Un lecteur voyageur nous raconte cette histoire digne d’une chanson… de Leonard Cohen (respect à toutes les Suzanne, au passage)

Très jolie histoire que Jean-Luc avait publié sur son propre blog. Merci à lui de nous autoriser à la partager ici. C’est ça aussi la fraternité du voyage. (Ma partie préférée est la fin, ce PS qui offre une chute impensable). Je vous laisse avec cette aventure féline.

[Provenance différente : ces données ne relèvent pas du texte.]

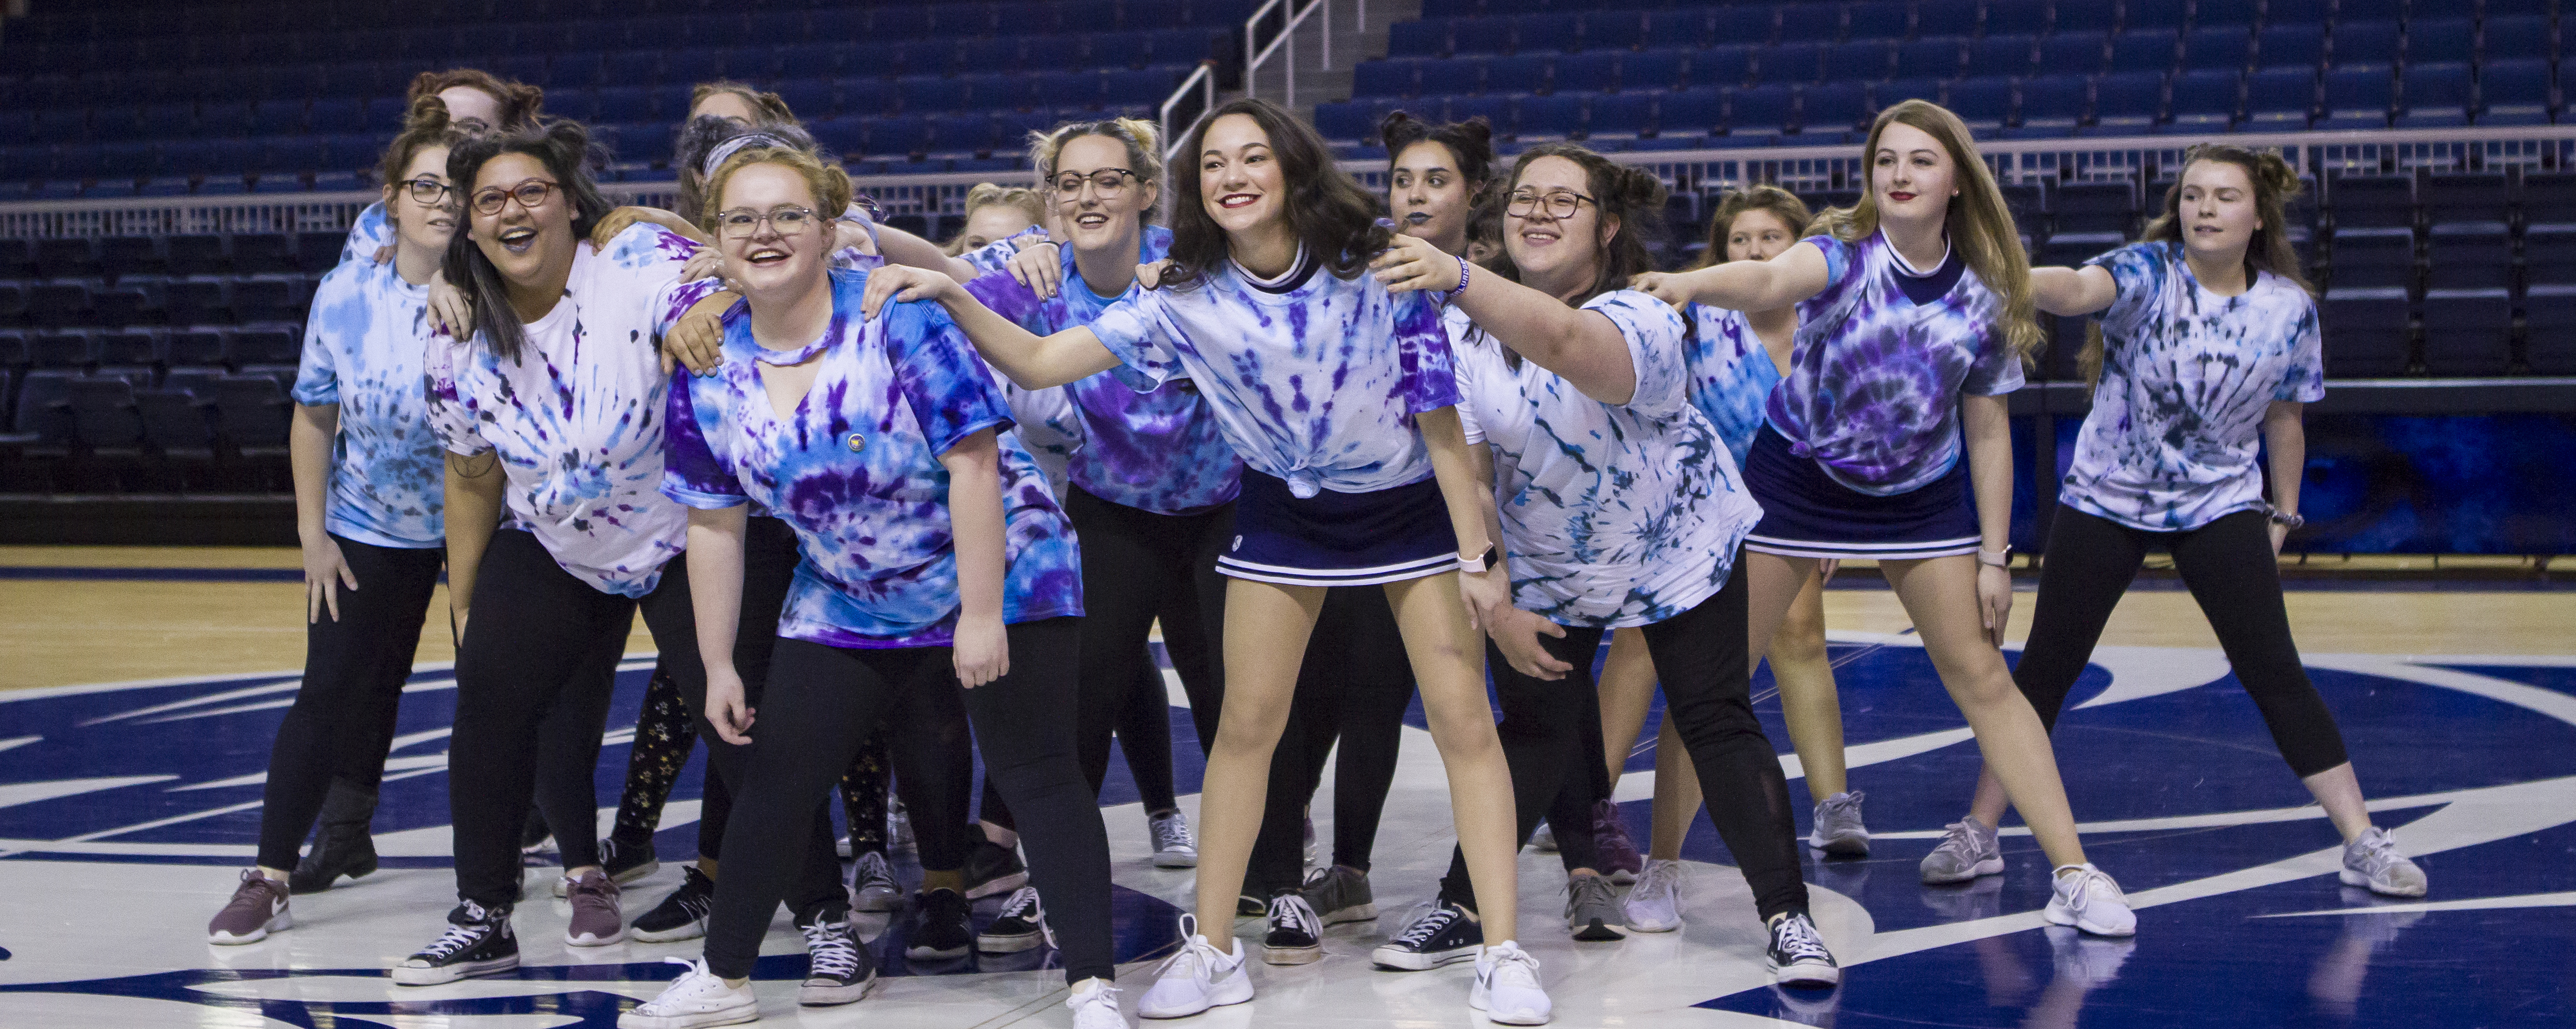 UAFS Announces Homecoming Events Feb 24-29

La lune semble s’échapper de l’horizon. Doucement, comme une plume, elle s’élève. Comme tous ces fous qui aiment la lune, il me fallait y aller. Depuis le port du Pirée, le bateau glisse sur l’eau. Il file vers ce qui sera un grand matin. Le sablier se vide, j’ai l’impression douce de me noyer dans le vent qui souffle sur cette petite île grecque. À Hydra, seuls les ânes et les mulets ont droit de se faufiler dans les ruelles étroites qui serpentent à travers des maisons blanches et paisibles. Le maître du temps, caméraman divin, a appuyé sur pause. Dans l’une d’elle, posée en haut de marches interminables, Léonard Cohen y est resté 7 ans… Il y écrivit des romans et, sans doute, ses plus belles chansons. Léonard avait tellement de fissures que la Lumière pouvait se voir en lui. Sa maison ne se visite pas mais, sur un papier posé sur la porte, une écriture manuscrite, demande « S’il vous plaît, merci de ne pas frapper ». Peut-être Léonard est-il en train de dormir… Ce lieu magique, aux maisons accrochées les unes aux autres, posé dans le golf Saronique, avec ses coquelicots d’un rouge profond, presque carmin, qui jaillissent au milieu d’Euryops d’or et se courbent comme une chevelure sous le vent, est un bel endroit pour se débarrasser de sa vieille peau. Et peut-être, se retrouver. Ici, les mots ne sont pas muets. On peut parler aux dieux et, rêver qu’ils nous écoutent. On est hors du temps. On est bien. Je me suis demandé si je ne devais pas rester là, y finir sous ce voile si doux qui ressemble tant à la sérénité parfaite. Quelle paix ! Alors, je me suis dit que j’allais faire de ce moment un de mes plus beaux souvenirs et avant de quitter l’île, je me suis étendu sur un mur des remparts du fort, près d’un canon. Alors, un chat a grimpé sur moi. C’était un chat tigré, double masculin de mon amoureuse féline, Marcelle, loin, si loin de moi, en ce jour d’avril. Il accepta avec une douceur tendre, mes caresses. Sur moi, il s’est lové, abandonné. En cet instant précis, nous étions faits l’un pour l’autre. Et puis, il s’endormit, posé sur moi et doucement, a glissé dans l’astral, m’emportant avec lui. Peut-être était-ce la réincarnation de Léonard Cohen car jamais mon sommeil ne fut traversé d’une telle élégance ! C’est ça, Léonard est un chat et je l’ai rencontré ! So long…

Jean-Luc Gironde

PS : Dans l’avion qui me ramenait à Paris, ma voisine de siège, une jeune américaine, m’a regardé longuement avant de me dire « Mais je vous connais ! » » J’étais interloqué, alors elle a pris son téléphone, a cherché dans ses photos et m’a montré une image qu’elle avait prise quelques jours auparavant. On y voyait un homme en noir avec un chat. Les deux dormaient sur un rempart ! C’était moi et le mystérieux félin. Elle m’a demandé l’autorisation de publier sur ses réseaux, la photo. J’ai écrit sur l’écran, avec mon doigt, comme on le fait quand on reçoit un colis « Ok for publishing », je n’ai pas osé « Sincerely. Leonard Cohen » !!!